4. a) Ziffer 7 der «Erklärung» auferlegt den Medienschaffenden die Pflicht, die Privatsphäre des Einzelnen zu respektieren, sofern das öffentliche Interesse nicht das Gegenteil verlangt. Gemäss der Richtlinie 7.6 zur «Erklärung» sollten Journalistinnen und Journalisten grundsätzlich weder Namen noch andere Angaben veröffentlichen, die eine Identifikation durch Dritte ermöglichen, die nicht zu Familie, beruflichem oder sozialem Umfeld gehören. Die Richtlinie 7.6 nennt darüber hinaus eine Reihe von Gründen, die eine namentliche Berichterstattung ausnahmsweise rechtfertigen:
– Überwiegendes öffentliches Interesse (inhaltlich unbestimmte «Generalklausel»);
– Nennung eines politischen oder amtlichen Funktionsträgers, soweit das Delikt einen Bezug zu dieser Funktion hat;
– Gefahr von Verwechslungen, falls der Name nicht genannt wird;
– Wenn die Person bereits allgemein bekannt ist – wobei meist die Medien im konkreten Fall für die Bekanntheit gesorgt haben, weshalb diese Ausnahme mit besonderer Zurückhaltung anzuwenden ist;
– Ausdrückliche Einwilligung der Betroffenen.
b) Die Redaktion der «Basler Zeitung» macht zur Rechtfertigung der Namensnennung und der Angabe des früheren politischen Amts des Beschwerdeführers, zu der es «gekommen sei», kein besonderes öffentliches Interesse geltend.

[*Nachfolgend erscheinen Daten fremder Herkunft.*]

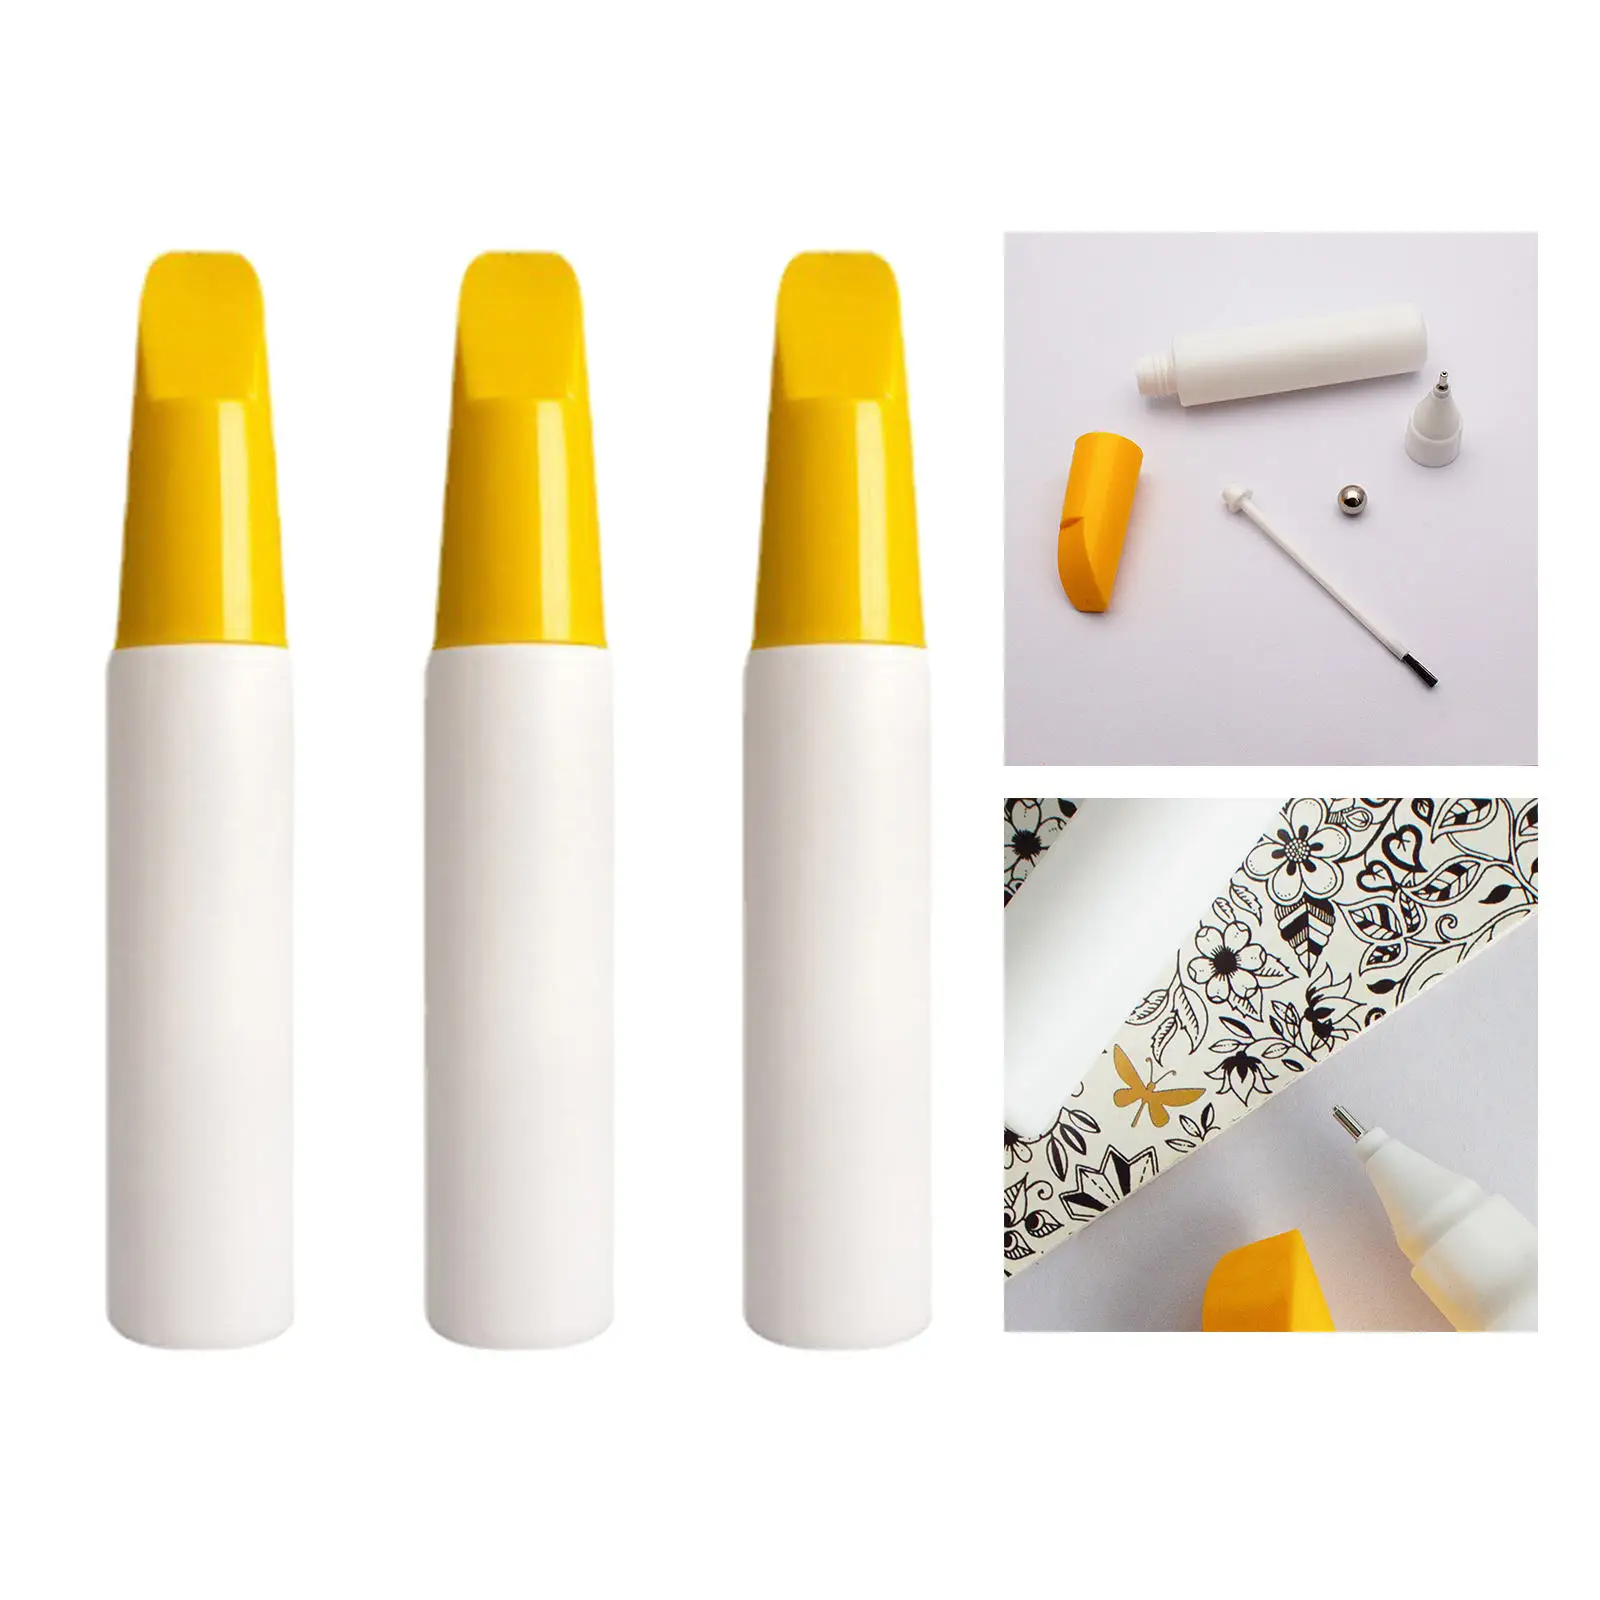 3 Pcs Portable Refillable Empty Bottle Car Scratch Remover Pen Marker Paint Accessories

Ein solches ist für den Presserat im Zusammenhang mit dem zur Diskussion stehenden privaten Sachverhalt – der Beziehung und Auseinandersetzung zwischen Sohn und Eltern – auch nicht ersichtlich. Insbesondere besteht auch keinerlei Zusammenhang zur früheren politischen Tätigkeit des Beschwerdeführers. Die «Basler Zeitung» beruft sich zur Rechtfertigung der Namensnennung sinngemäss auf die beiden Ausnahmen «allgemeine Bekanntheit» und «Einwilligung der Betroffenen». Selbst wenn Laura Armani im Zusammenhang mit ihren politischen Kandidaturen insbesondere in den Tessiner Medien auch unter ihrem ursprünglichen Familiennamen auftrat, konnte nicht davon ausgegangen werden, dass der familiäre Zusammenhang zum Beschwerdeführer der Leserschaft der «Basler Zeitung» bereits vor der Veröffentlichung des Berichts vom 29. März 2007 bekannt war. Und ebenso wenig kann aus der Veröffentlichung des namentlich gezeichneten Leserbriefs des Beschwerdeführers und seiner Frau im «Corriere del Ticino» vom 1. März 2006, also mehr als ein Jahr vor Erscheinen des Artikels der «Basler Zeitung», abgeleitet werden, dass sich der Beschwerdeführer damit für die Zukunft generell mit der Nennung seines Namens im Zusammenhang mit dieser privaten Angelegenheit einverstanden erklären würde.
III. Feststellungen
1. Die Beschwerde wird teilweise gutgeheissen.
2. Mit der Nennung des Namens und der ehemaligen politischen Funktion des Beschwerdeführers im Artikel «Stecke endlich im richtigen Körper» vom 29. März 2007 hat die «Basler Zeitung» die Ziffer 7 der «Erklärung der Pflichten und Rechte der Journalistinnen und Journalisten» verletzt.
3. Darüber hinausgehend wird die Beschwerde abgewiesen.
4. Die «Basler Zeitung» hat die Ziffern 1 (Wahrheitspflicht) und 3 (Anhörung bei schweren Vorwürfen), der «Erklärung» nicht verletzt.